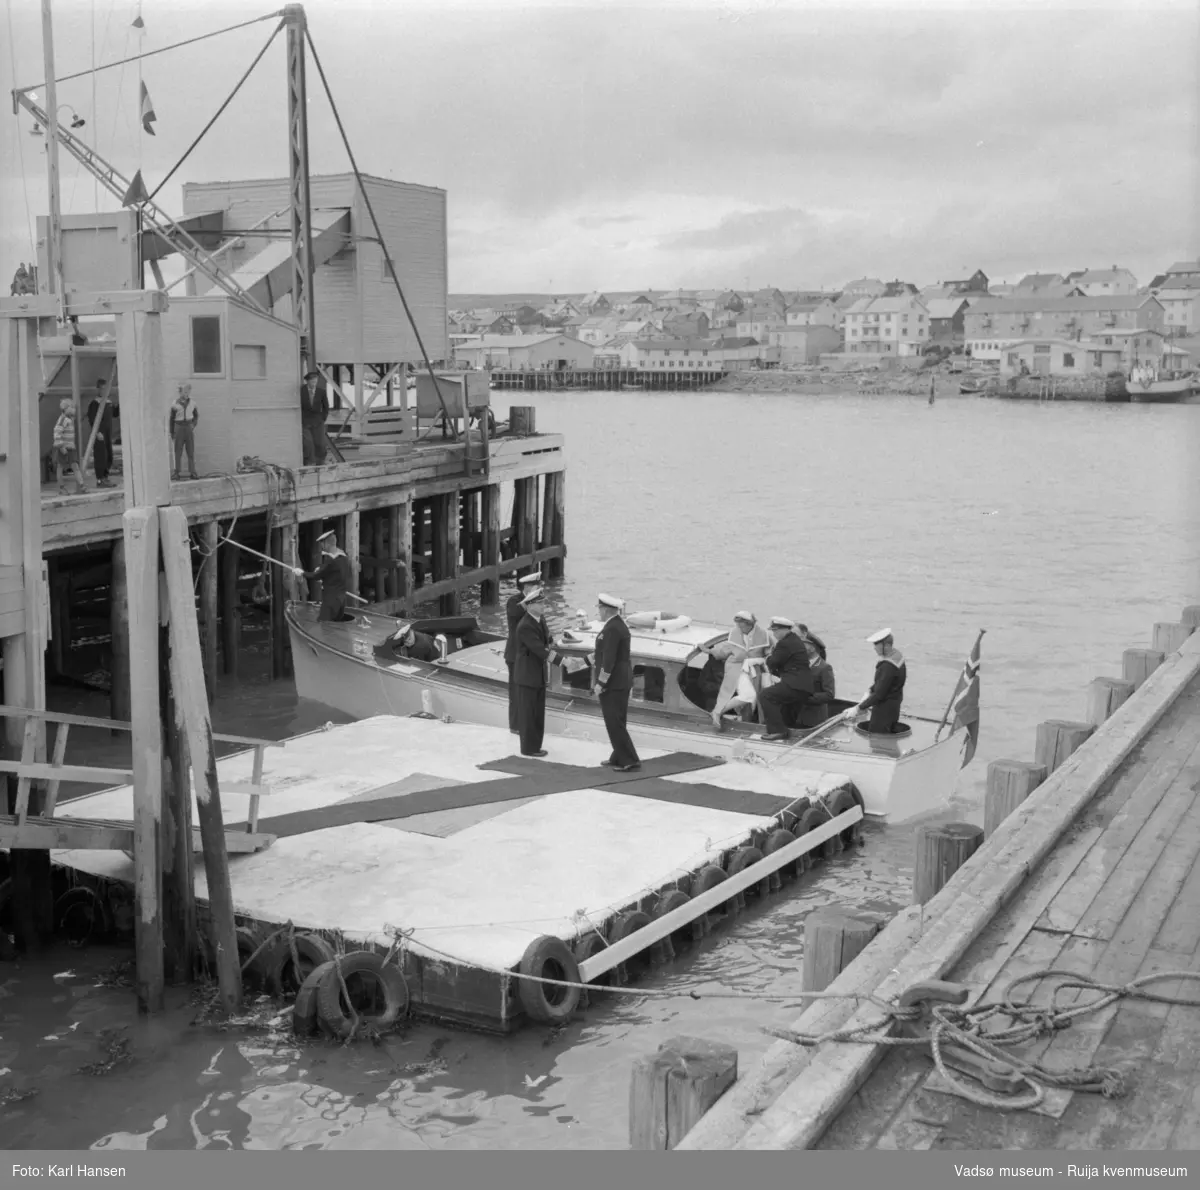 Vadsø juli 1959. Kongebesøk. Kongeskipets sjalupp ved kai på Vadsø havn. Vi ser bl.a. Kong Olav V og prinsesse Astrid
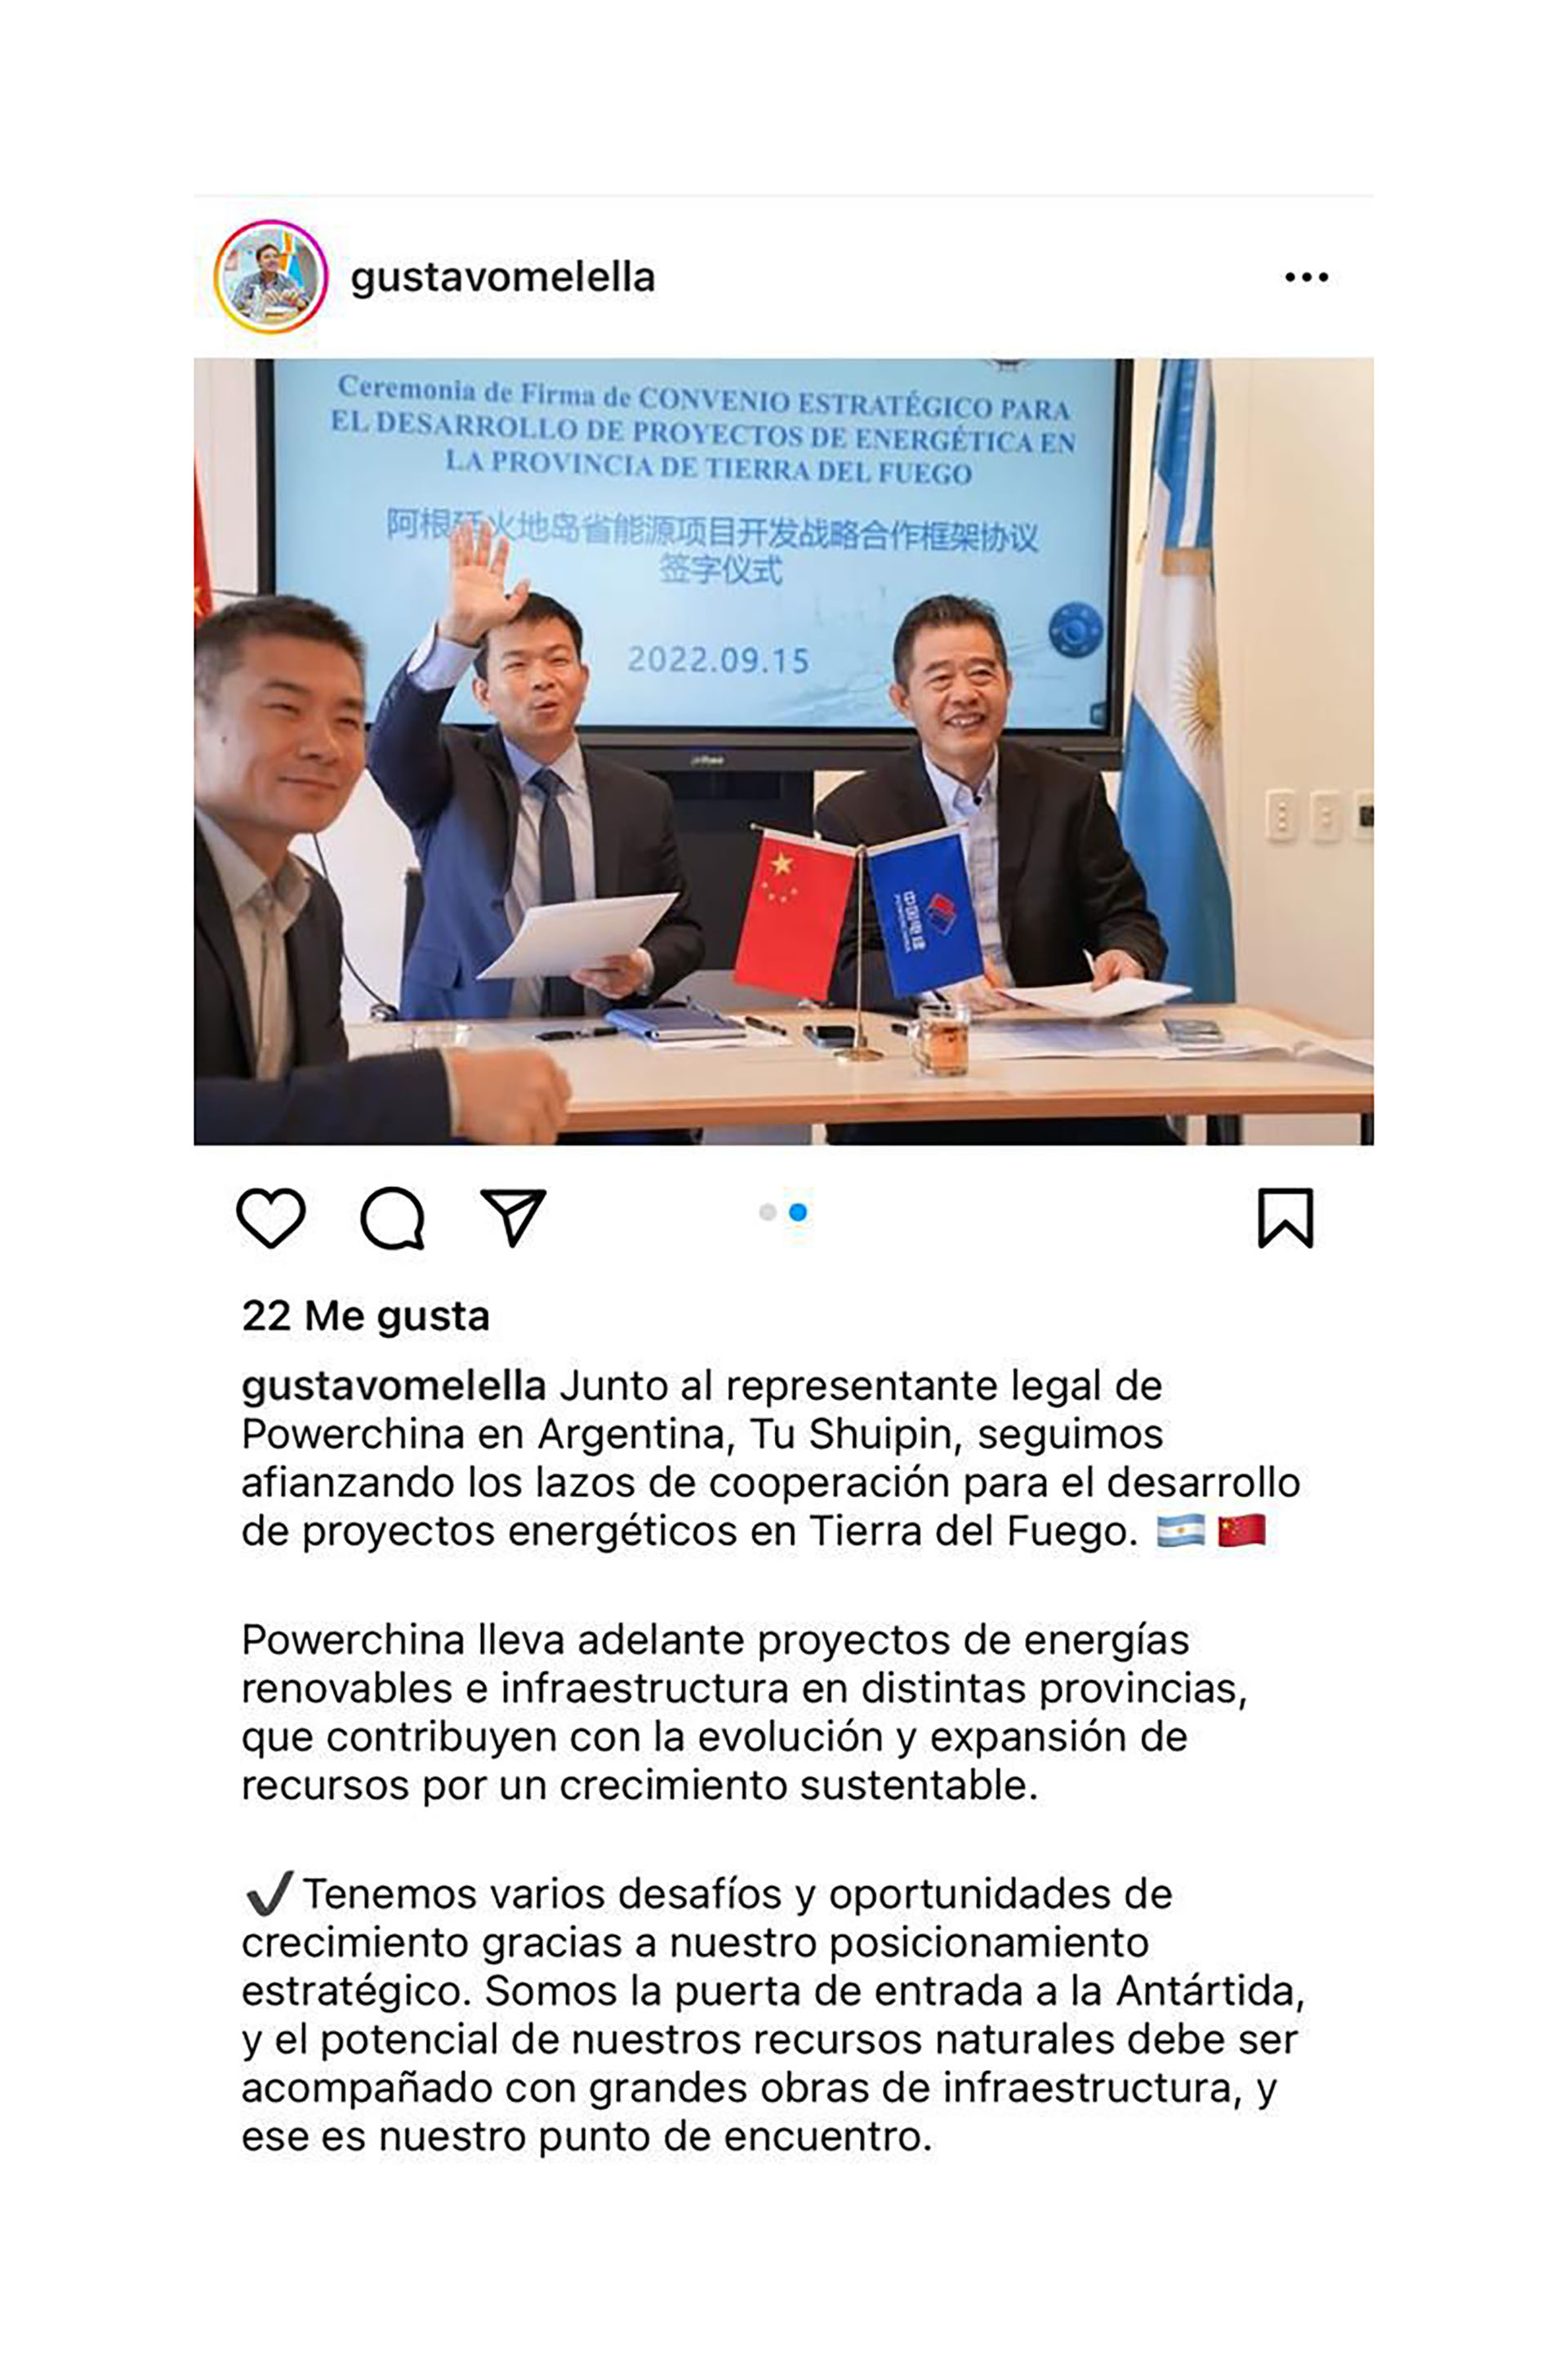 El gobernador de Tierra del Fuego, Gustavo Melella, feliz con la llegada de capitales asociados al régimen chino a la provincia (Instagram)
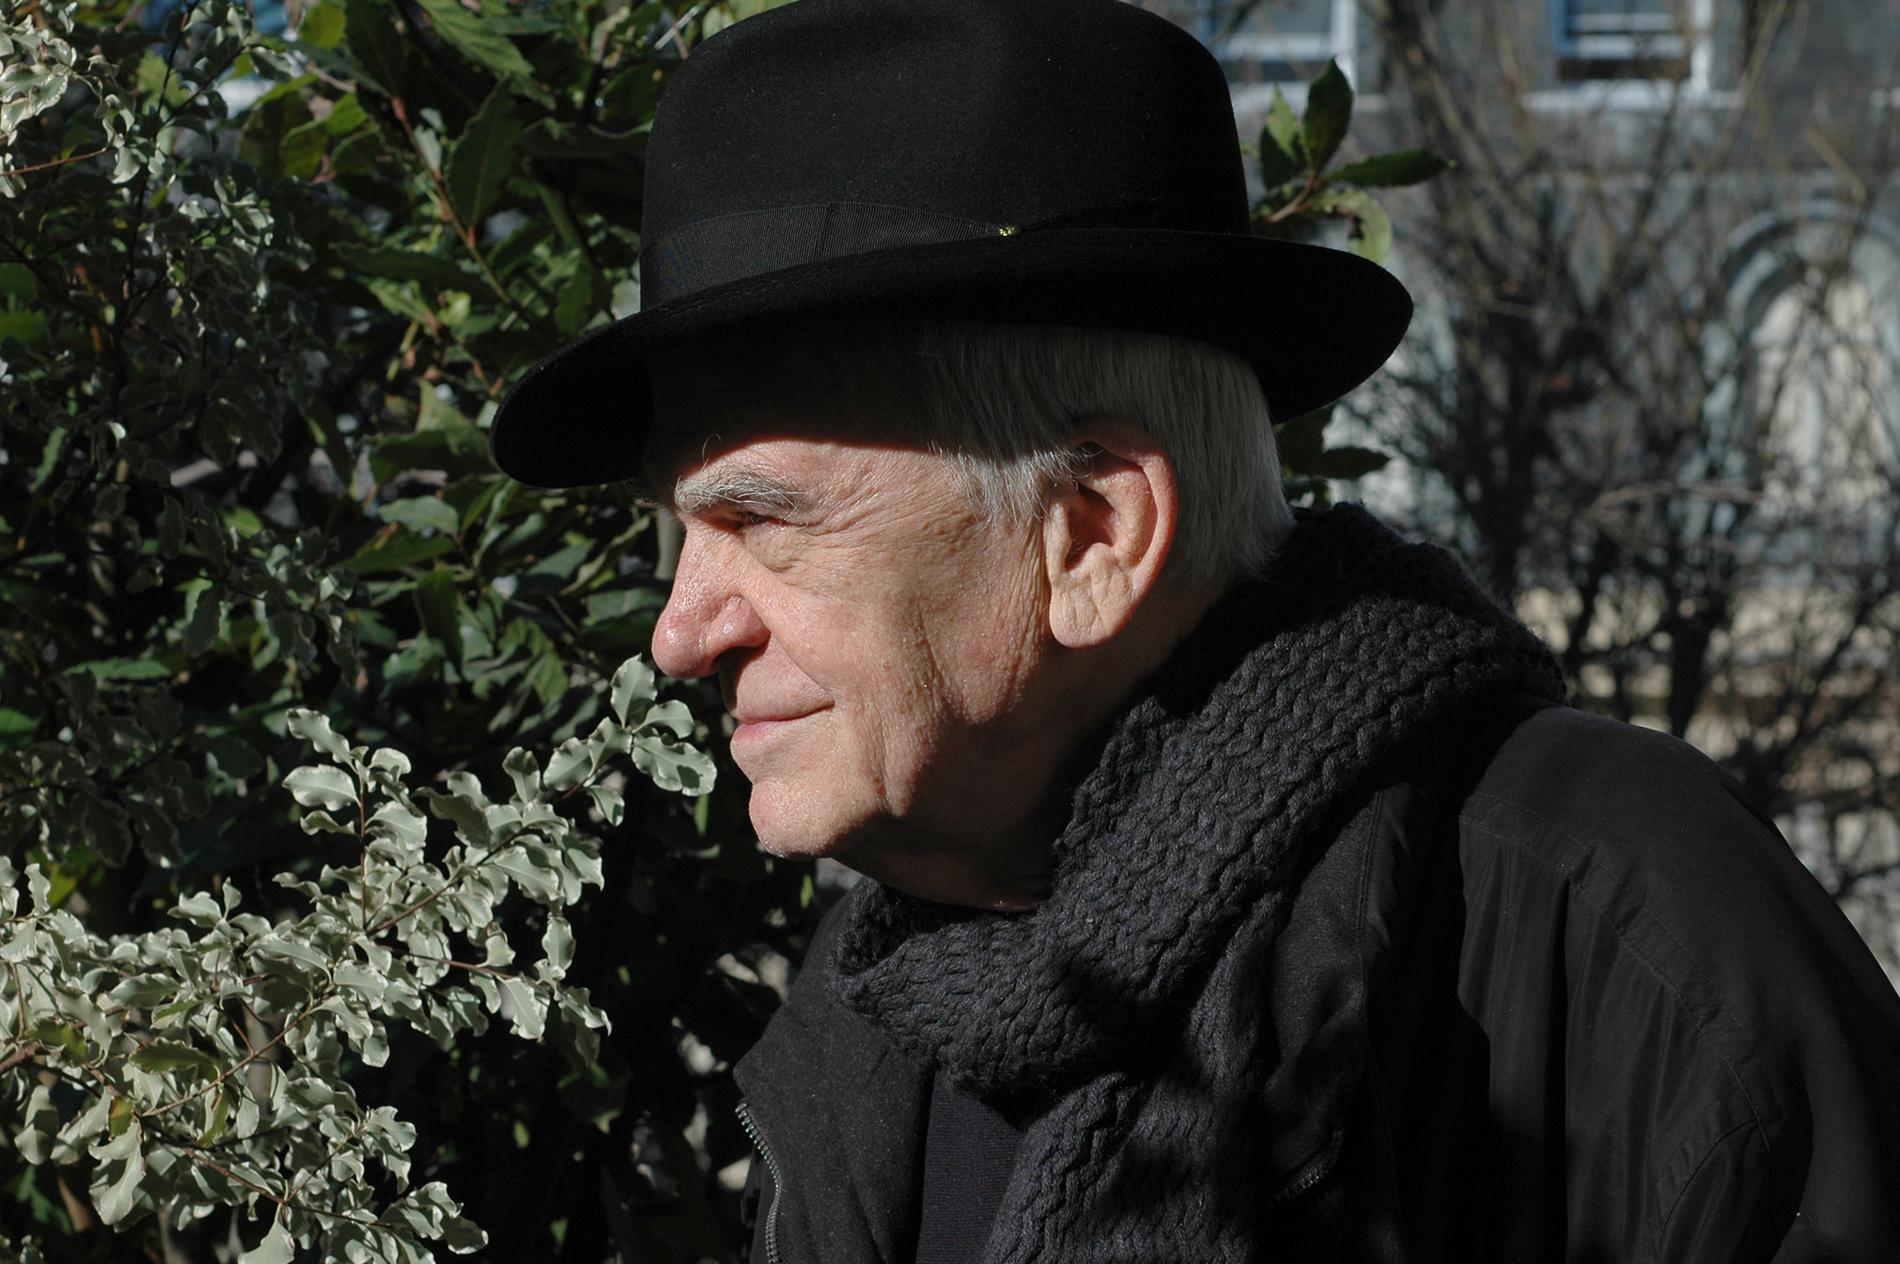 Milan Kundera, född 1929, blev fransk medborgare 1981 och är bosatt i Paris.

**PROBLEM**
Reproduce the whole listing verbatim. Pictures stay out of the copy.

**OUTPUT**
 Vadsø juli 1959. Kongebesøk. Kongeskipets sjalupp ved kai på Vadsø havn. Vi ser bl.a. Kong Olav V og prinsesse Astrid
 El gobernador de Tierra del Fuego, Gustavo Melella, feliz con la llegada de capitales asociados al régimen chino a la provincia (Instagram)
 Milan Kundera, född 1929, blev fransk medborgare 1981 och är bosatt i Paris.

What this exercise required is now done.